# Charge my 24 volt system



## Dennis1022 (Aug 1, 2010)

*Well I have a Minn Kota 70# Edge bow mount foot contol. My problem is should disconnect wires or can I charge the batteries together with my charger? This is my set up diagram system>




. Also another thing running my cable down the shaft for my transducer, I have already tried wire ties, when I raise the T/M it pinches the wire and almost cuts he wire.
Dennis *


----------



## huntinfool (Aug 1, 2010)

I have a 24v system too and I only know of disconnecting the wire between the batteries and charging them individually. If there is another way I am interested in learning. 

As for the transducer wire I have mine mounted on my TM too and I don't have any problem with the wires being pinched. Have you tried to re routing the wires? I have mine mounted on the shaft with wire ties. I made sure when I ran my wires it was in the stowed position and kept the wires away from the bracket. 

Can you post a pic of the problem and maybe we can see a solution?


----------



## Dennis1022 (Aug 1, 2010)

*I agree with you about the batteries, I charged them by discnnecting the wires like you stated. As for the transducer wire, I have the motor in the storage position and I put wire ties from the motor to the adjusting ring. I found out one thing don't undue the ring onthe shaft. The motor position gets messed up for some reason! I'll try to get some photos later on, just little wet out there!
Dennis *


----------



## redbug (Aug 1, 2010)

Are you using a single bank charger? 
you can get a 2 bank charger and not worry about disconnecting the jumper wire


----------



## Dennis1022 (Aug 1, 2010)

* believe it is a single bank charger.What I do know is, it has 2 amp, 6 amp & 12 amp charger!
Dennis *


----------



## bassboy1 (Aug 2, 2010)

You don't have to disconnect them, even with a single charger. Just put the leads on the positive and negative of the same battery. When that one is done, put the leads on the positive and negative of the other battery. Because the circuit is completed with only one battery, the other one doesn't come into play. 

As such, you can still pull 12 volts to run accessories off a 24v system. Just pull a positive and negative from one battery. 

A two bank charger will have two sets of charging leads coming out of it - hook one set to one battery, and another set to the other. 

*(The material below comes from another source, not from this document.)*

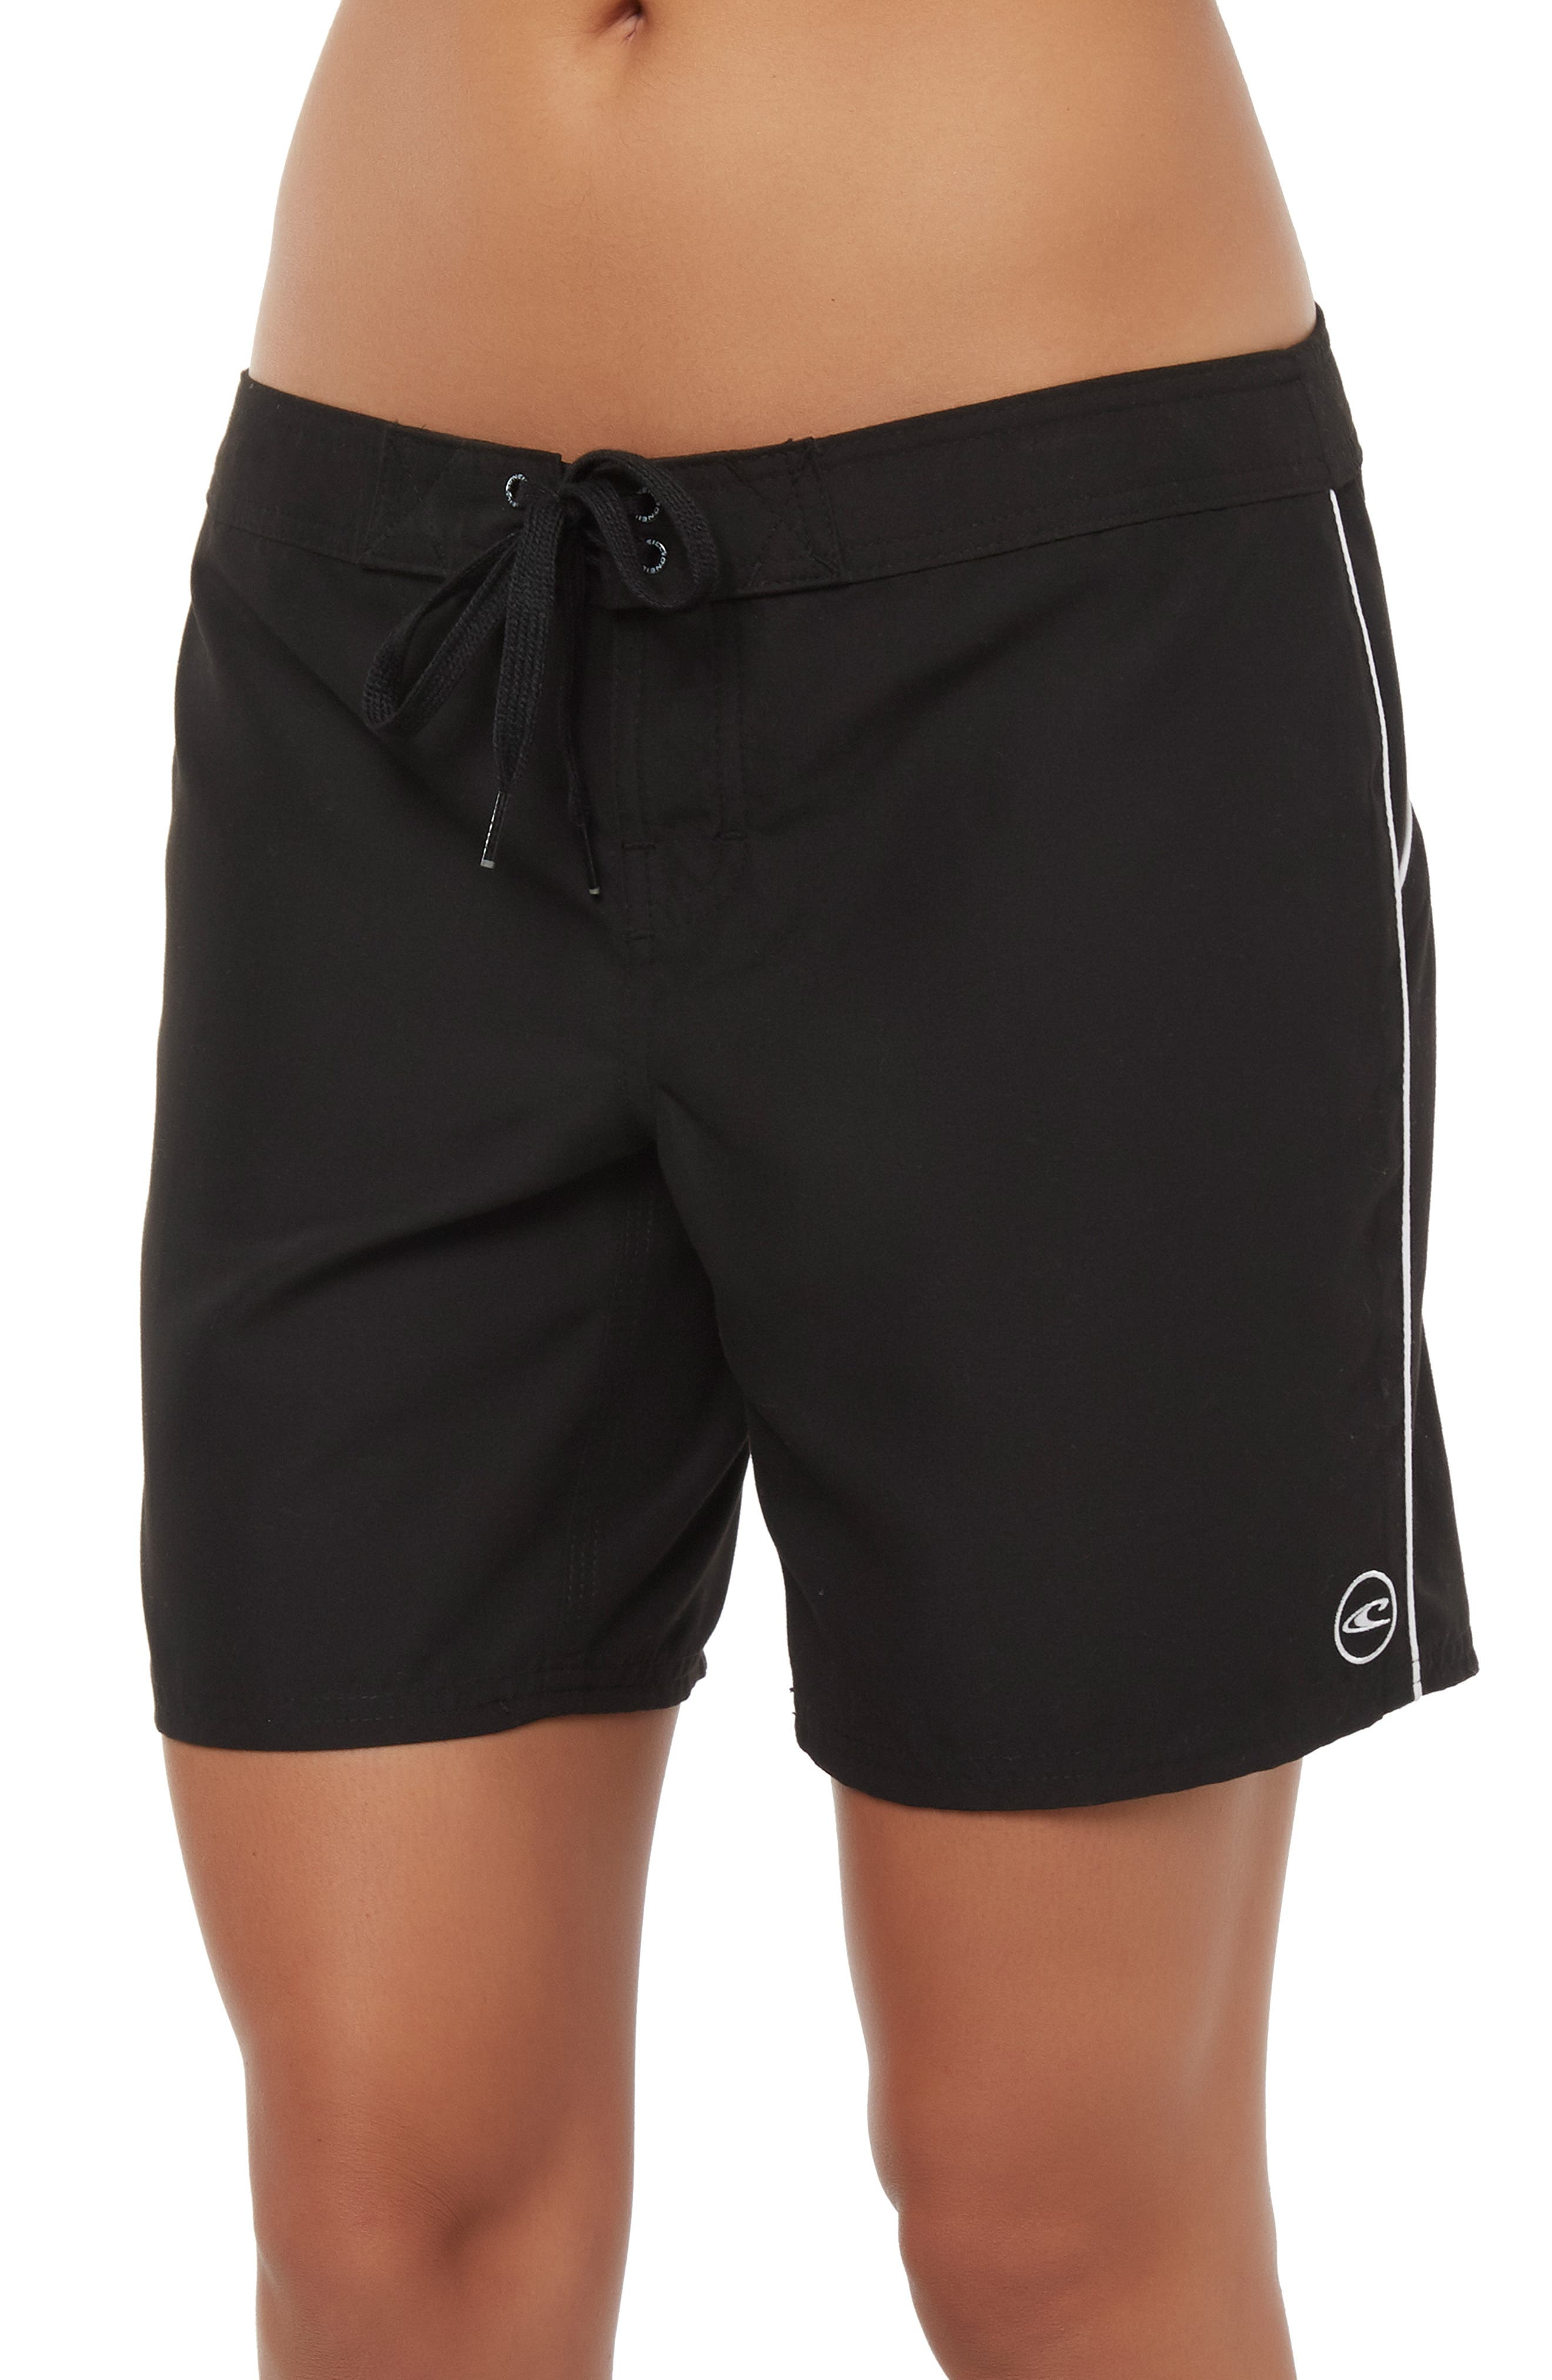 Salt Water Board Shorts,                             Alternate thumbnail 3, color,                             BLACK

As far as the transducer, I usually run all of them up the foot control cable, as opposed to the mount. At the point where the solid shaft meets the moving shaft, just give enough slack to allow the motor to turn fully in both directions, and put a piece of heat shrink at that spot.


----------



## Dennis1022 (Aug 2, 2010)

*Thanks bassboy1 and everyone else. I had fixed the transducer that way with wire ties and made sure they don't move. As for the batteries, that is just what I done last night. Went fishing this morning and used the motor after I charge it all day. But that thank you all.
Dennis*


----------